Literature DB >> 33940037

Disease dynamics and mean field models for clustered networks.

María Del Valle Rafo1, Juan Pablo Di Mauro2, Juan Pablo Aparicio3.   

Abstract

Social networks are clustered networks with short mean path length. In this work we analyze the disease dynamics in a class of this type of small-world networks composed of set of households and a set of workplaces. Individuals from each household are randomly assigned to workplaces. In both environments we assumed complete mixing and therefore we obtain highly clustered networks with short mean path lengths. Basic reproduction numbers were computed numerically and we show that at endemic equilibrium the average susceptible proportion <S/N> is different from the inverse of the basic reproduction number (R0-1). Therefore exist an exponent p≠1 for which <S/N>p=R0-1. Using this exponent we developed a mean field model which closely capture the disease dynamics in the network. Finally we outline how this model could be use to model vector-borne diseases in social networks.
Copyright © 2021. Published by Elsevier Ltd.
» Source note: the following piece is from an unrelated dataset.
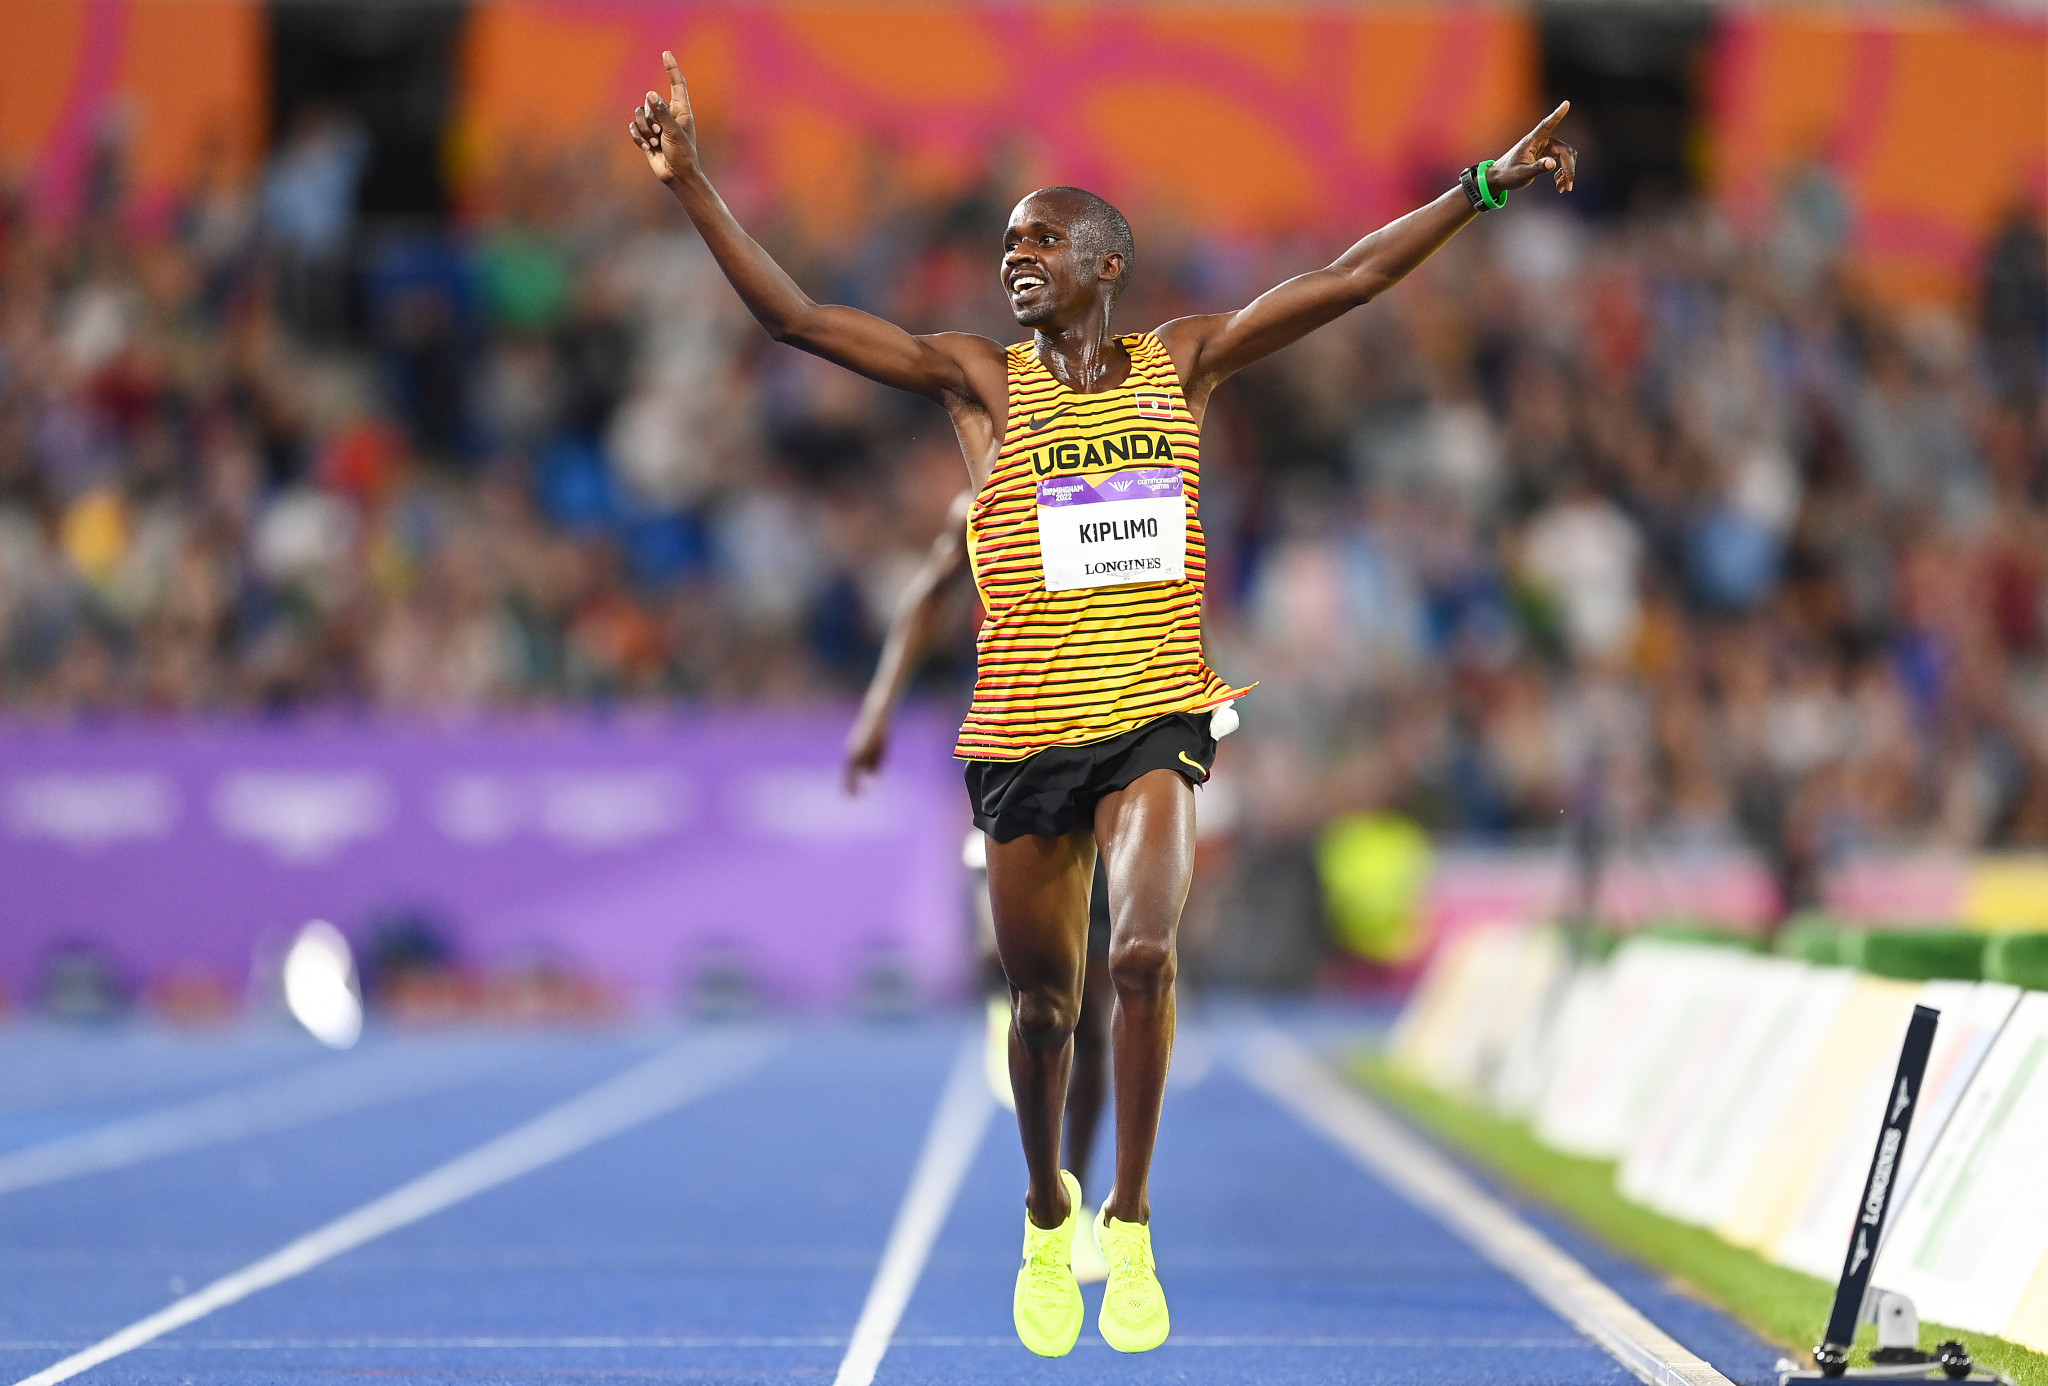 Jacob Kiplimo won the men's 10,000 metres on the opening day of track and field ©Getty Images

Keywords:  bipartite networks; clustered network; disease dynamics

Year:  2021        PMID: 33940037     DOI: 10.1016/j.jtbi.2020.110554

Source DB:  PubMed          Journal:  J Theor Biol        ISSN: 0022-5193            Impact factor:   2.691


  1 in total

1.  Identifying influential spreaders in complex networks for disease spread and control.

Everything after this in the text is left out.